Friday, January 28, 2005

There are still people in the mainstream media who profess bewilderment they are accused of bias. But you need look no further than reporting on the war in Iraq to see the bias staring you in the face, day after day, on the Page One of the New York Times and in much of the rest of the media.

If a battle ends with Americans killing 100 guerrillas and terrorists, while sustaining 10 fatalities, that is an American victory. But not in the mainstream media. The headline is more likely to read: “Ten more Americans killed in Iraq today.”

This kind of journalism can turn victory into defeat in print or on TV. Kept up long enough, it can even end up in real defeat, when support for the war collapses at home and abroad.



One of the biggest American victories during the World War II was called “the great Marianas turkey shoot” because American fighter pilots shot down more than 340 Japanese planes over the Marianas Islands while losing only 30 American planes. But what if current reporting practices had been used back then?

The story, as printed and broadcast, could have been: “Today 18 American pilots were killed and five more severely wounded, as the Japanese blasted more than two-dozen American planes out of the sky.” A steady diet of such one-sided reporting and our whole war effort against Japan might have collapsed.

Whether the one-sided reporting of the Vietnam War was a factor in the American defeat once was a matter of controversy. But, in recent years, high officials of Vietnam’s communist government have themselves admitted they lost the war on the battlefields but won it in the U.S. media and on the streets of America, where political pressures from the antiwar movement threw away the victory for which thousands of American lives had been sacrificed.

Too many in the media today regard the reporting of the Vietnam War as one of their greatest triumphs.
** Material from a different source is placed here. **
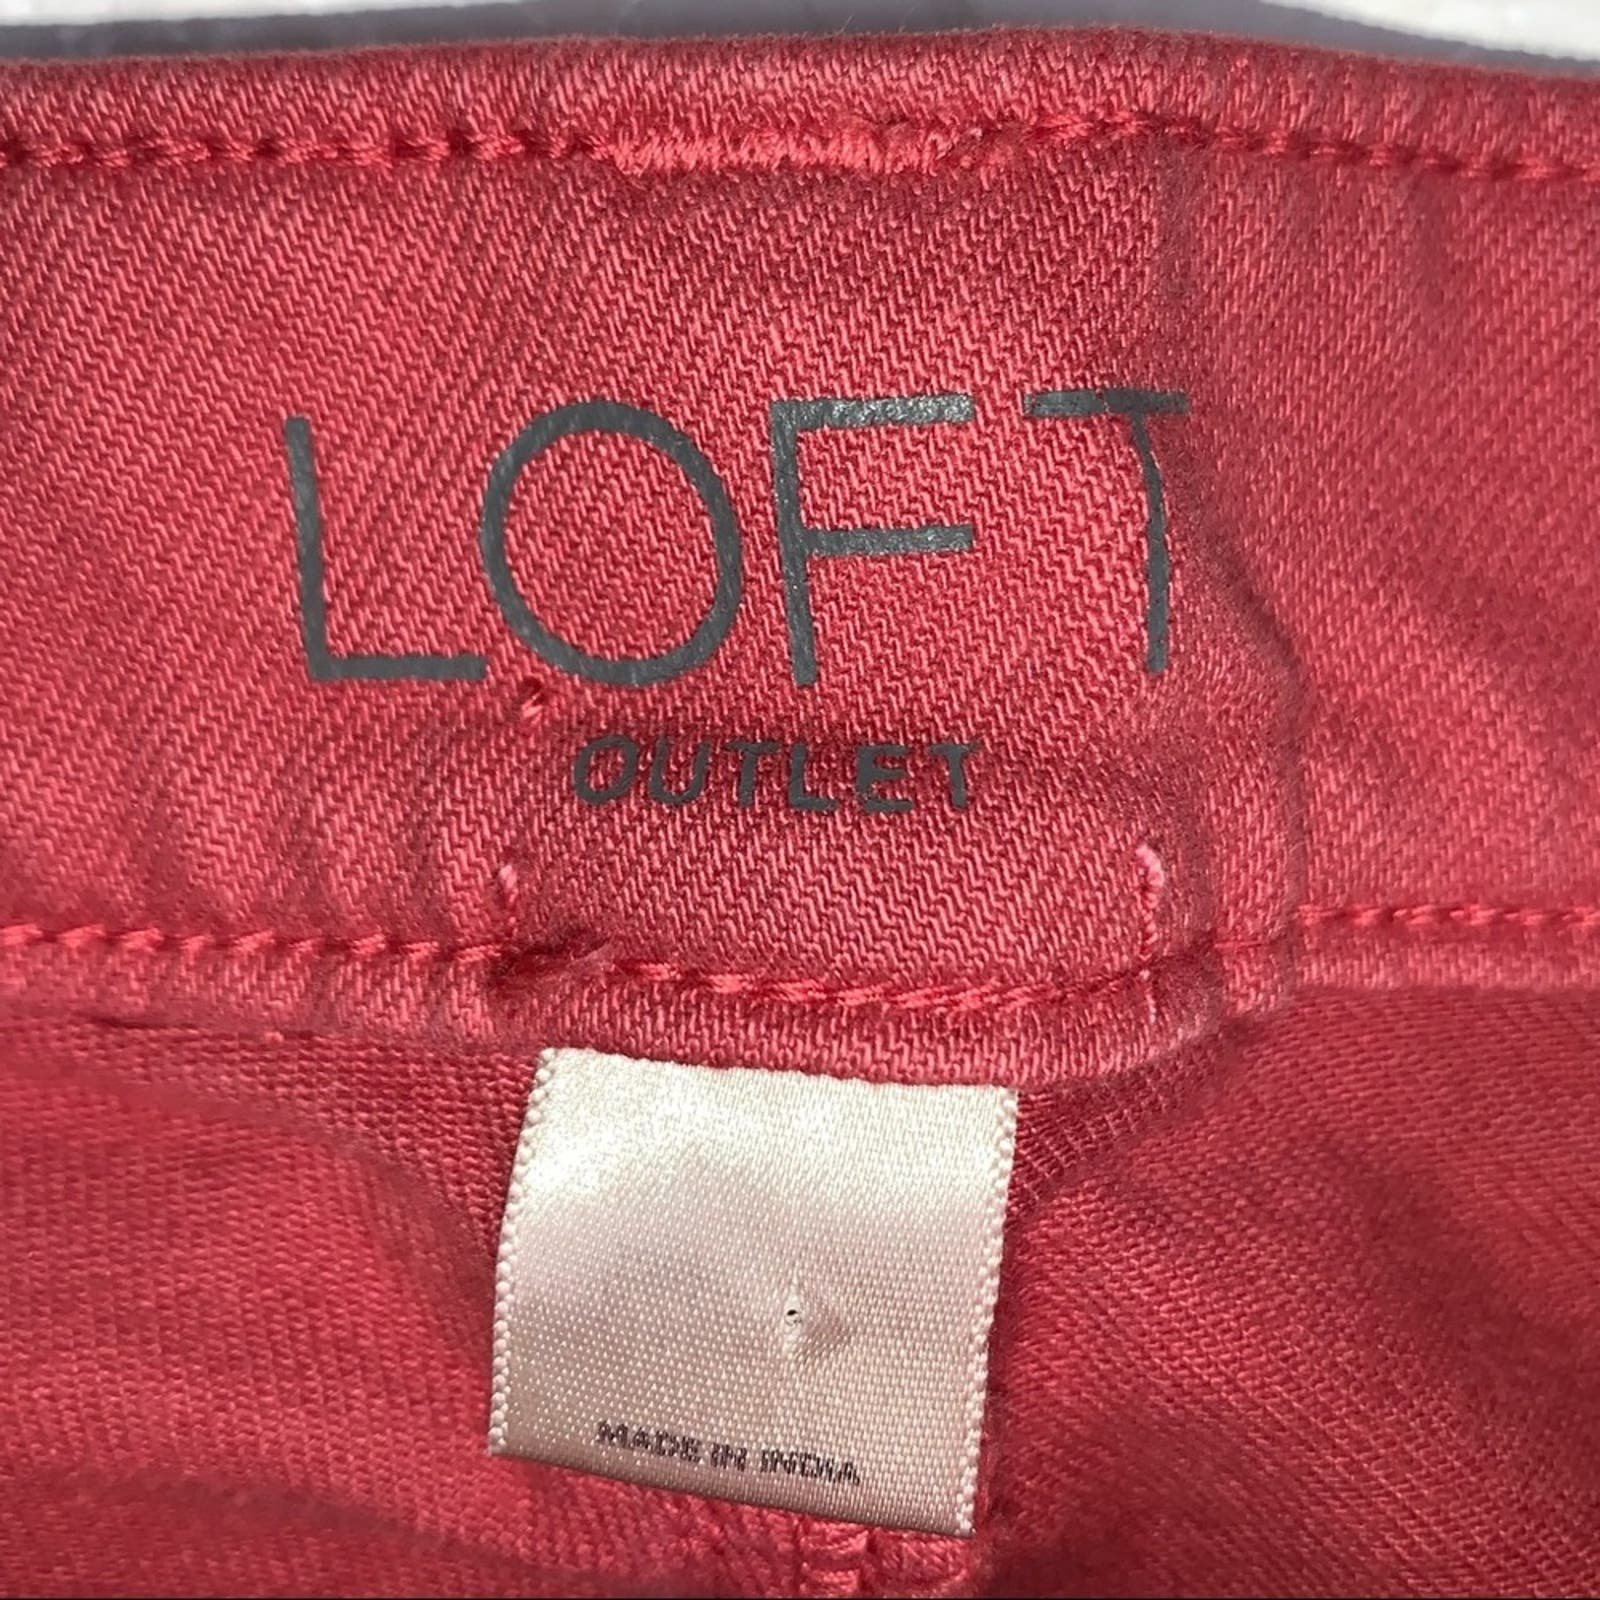 Popular Loft pink modern skinny low rise jeans OiyetxNYG Cool

It certainly showed the power of the media — but also its irresponsibility. Some in the media today seem determined to recapture those glory days by how they report on events in the Iraq war.

First, there is the mainstream media’s almost exclusive focus on American casualties in Iraq, with little or no attention given the often much larger casualties inflicted on the guerrillas and terrorists from inside and outside Iraq.

Since terrorists are pouring into Iraq in response to calls from international terrorist networks, the number killed is especially important, for these are people who will no longer be able to launch more attacks on American soil. Iraq has become a magnet for enemies of the United States, a place where they can be killed wholesale, thousands of miles away.

With all the turmoil and bloodshed in Iraq, both military and civilian personnel returning from that country are increasingly expressing amazement at the difference between what they themselves have seen and the far worse, one-sided picture the media present to the public here.

Our media cannot even call terrorists terrorists but instead give these cutthroats the bland name “insurgents.” You might think these were like the underground fighters in Nazi-occupied Europe during World War II.

The most obvious difference is that the European underground did not go about targeting innocent civilians. As for the Nazis, they tried to deny the atrocities they committed. But today the “insurgents” in Iraq are proud of their barbarism, videotape it and publicize it — often with the help of the Western media.

Real insurgents want to get the occupying power out of their country. But the fastest way to get Americans out of Iraq would be to do the opposite of what these “insurgents” are doing. Just by letting peace and order return, those who want to see American troops gone would speed their departure.

The United States has voluntarily pulled out of conquered territory all around the world, including neighboring Kuwait after the first Gulf war. But the guerrillas’ and terrorists’ real goal is to prevent democracy from arising in the Middle East.

Still, much of the Western media cannot call a spade a spade. The Fourth Estate sometimes seems more like a Fifth Column.

Thomas Sowell is a nationally syndicated columnist.